- [Exercise goal]
The answer is to be the data that follows, transcribed exactly, minus its pictures.
The data section start
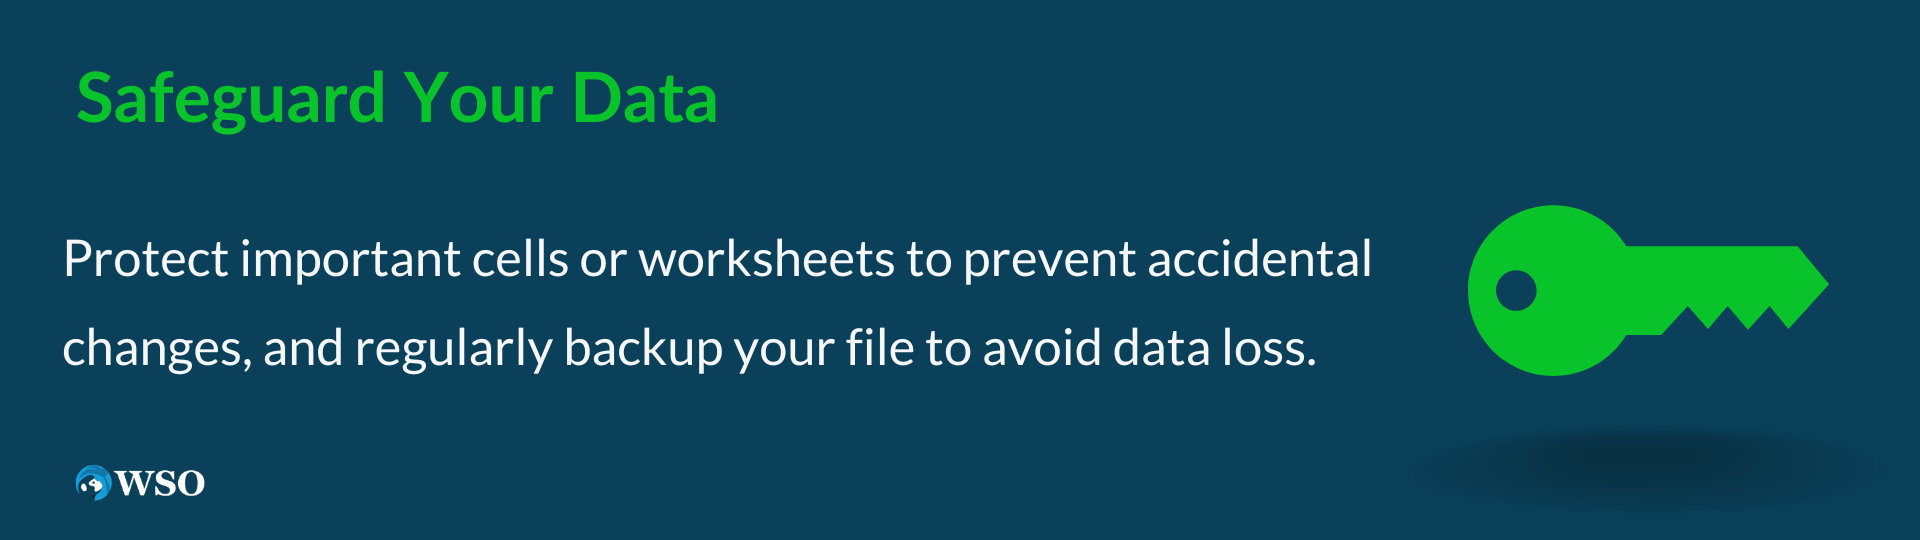 Safeguard Your Data in excel
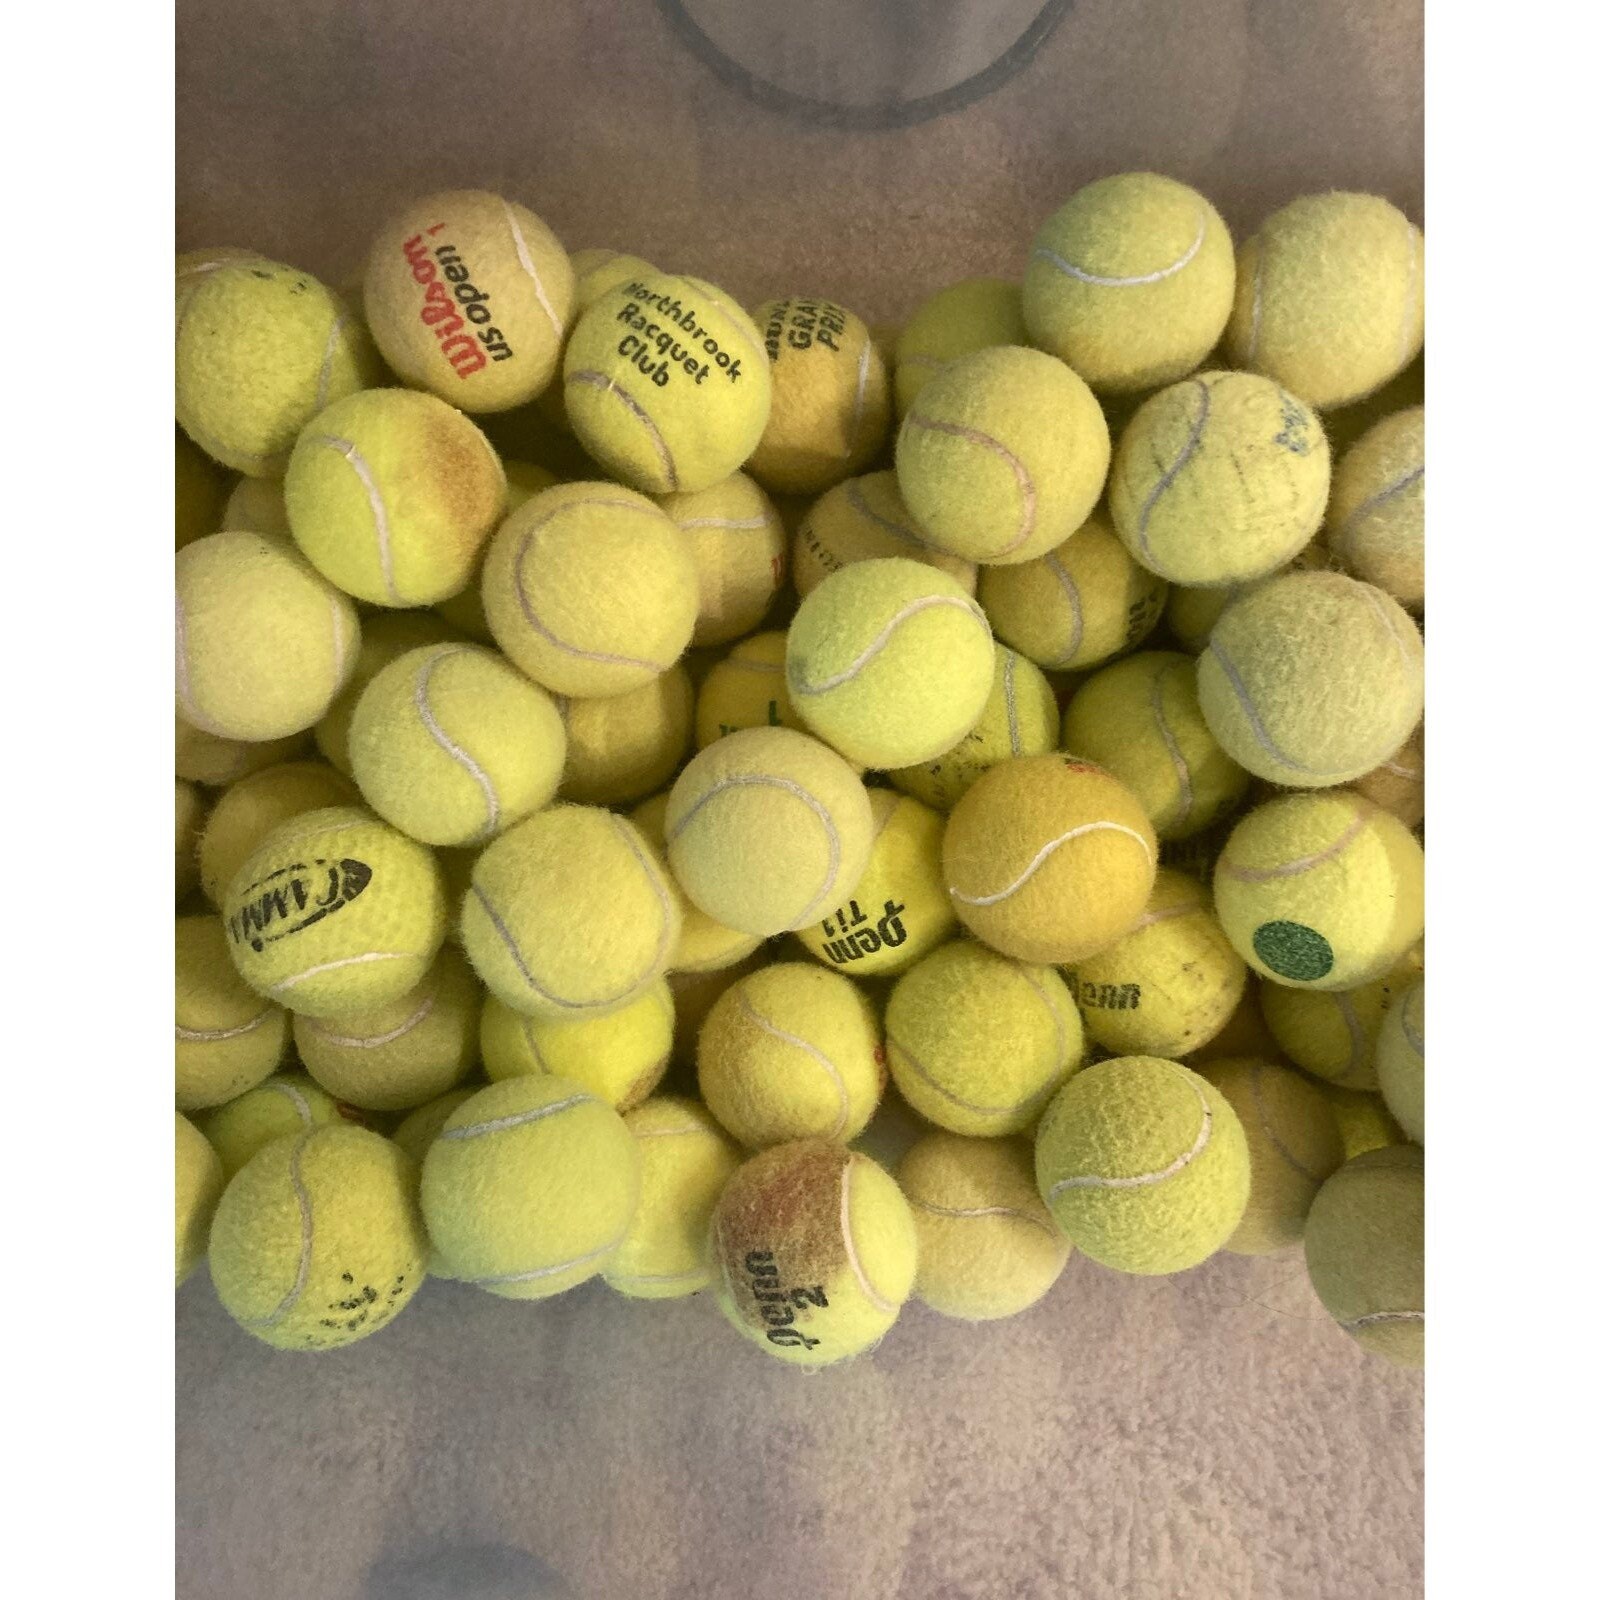 25 used tennis balls FREE FAST SHIPPING Perfect For Dogs & Play 
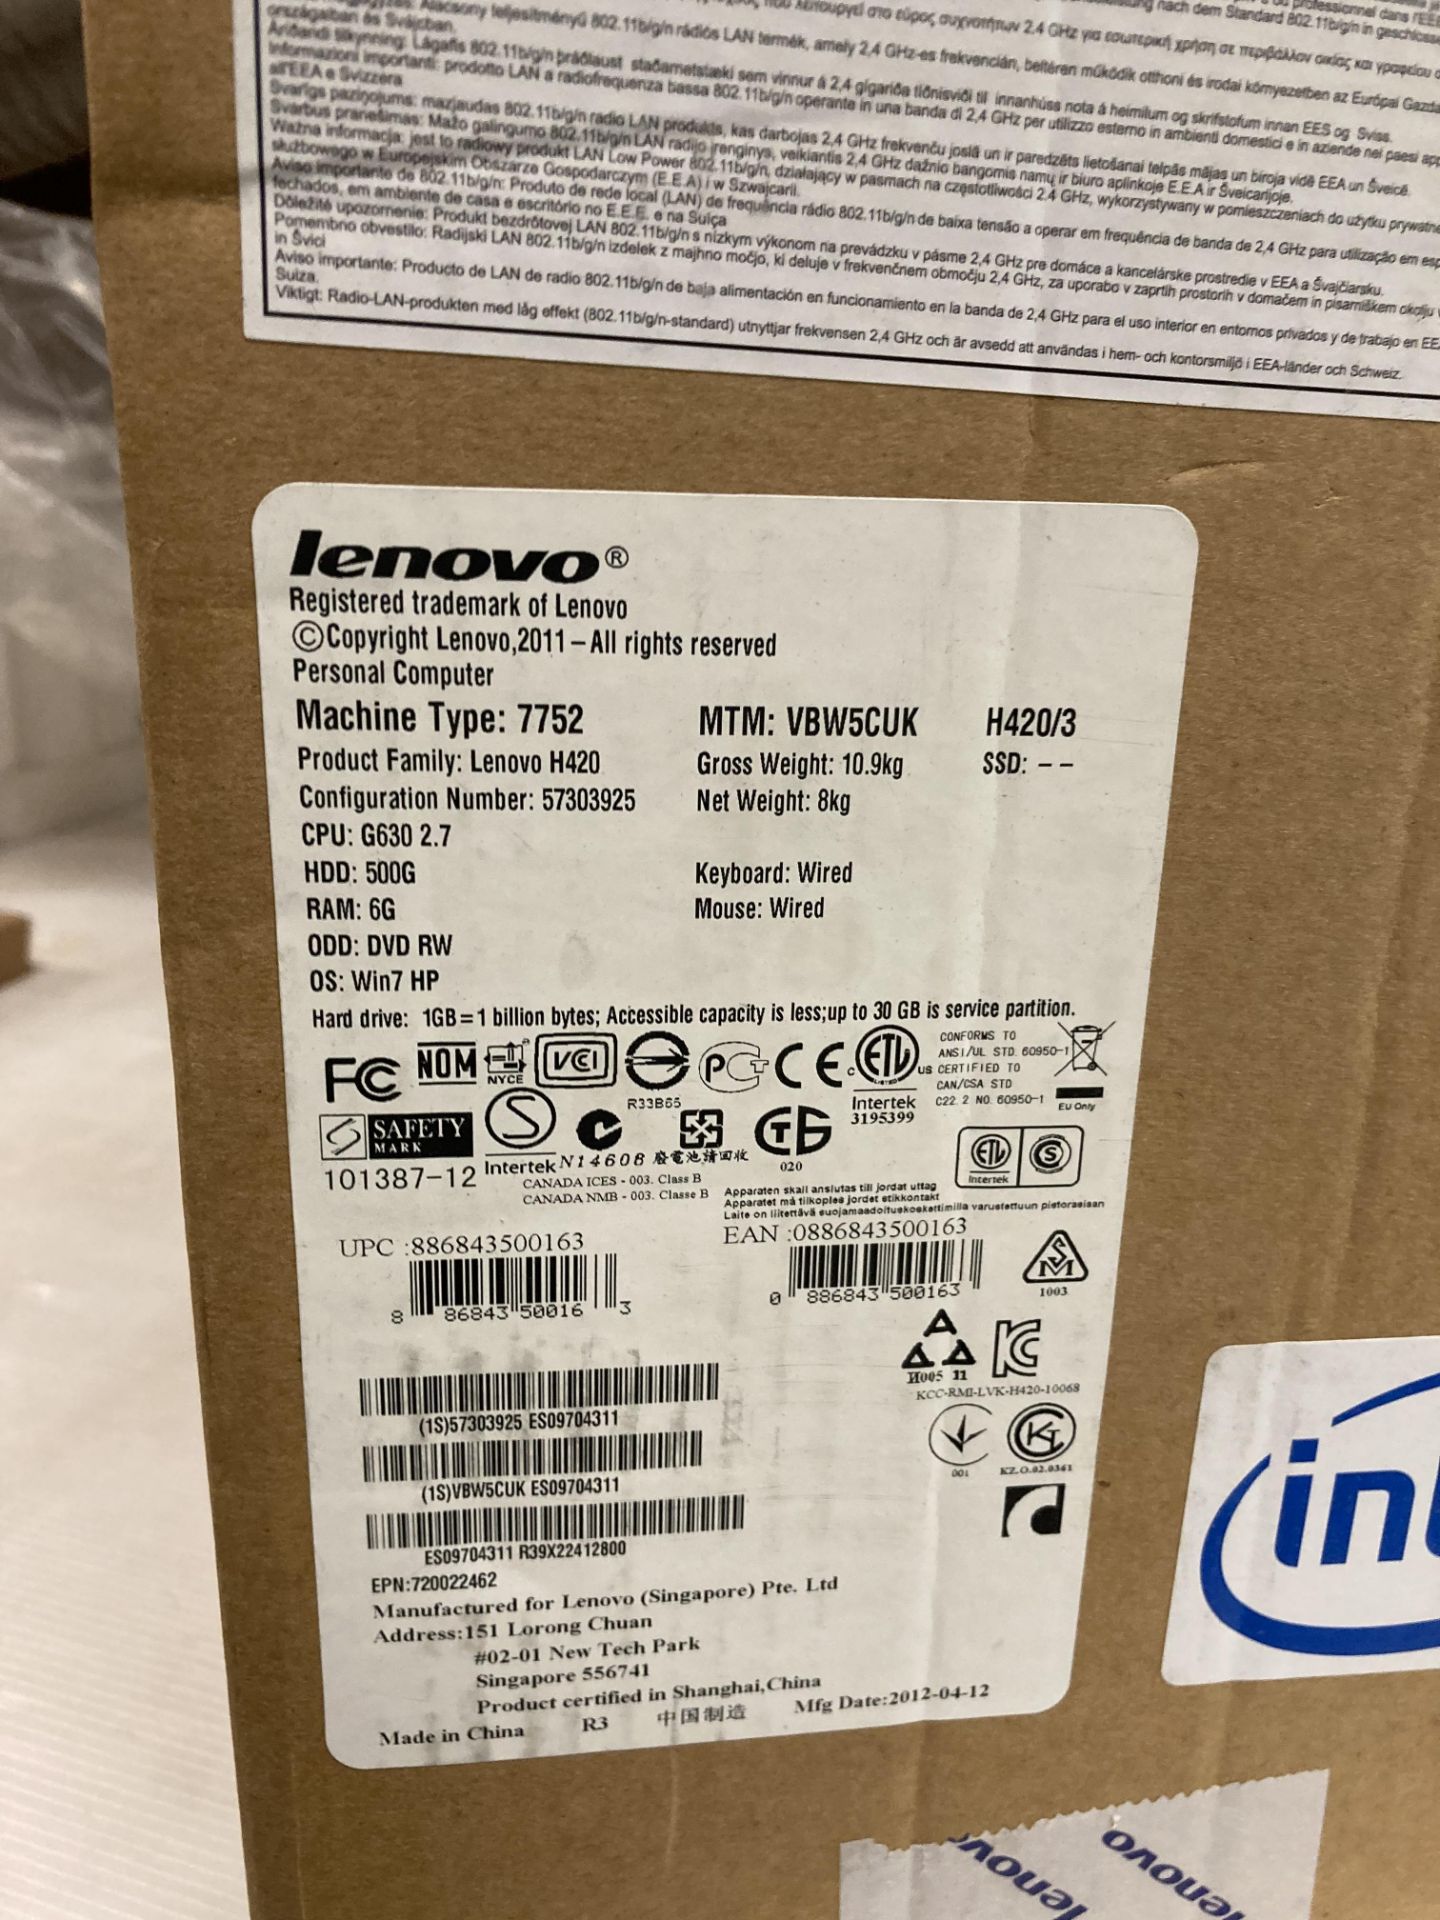 Lenovo 7752 Desktop computer 6GB RAM 500GB HDD complete with power lead, - Image 2 of 2
The data section end
- [Solution to this task]
 Safeguard Your Data in excel
 25 used tennis balls FREE FAST SHIPPING Perfect For Dogs & Play 
 Lenovo 7752 Desktop computer 6GB RAM 500GB HDD complete with power lead, - Image 2 of 2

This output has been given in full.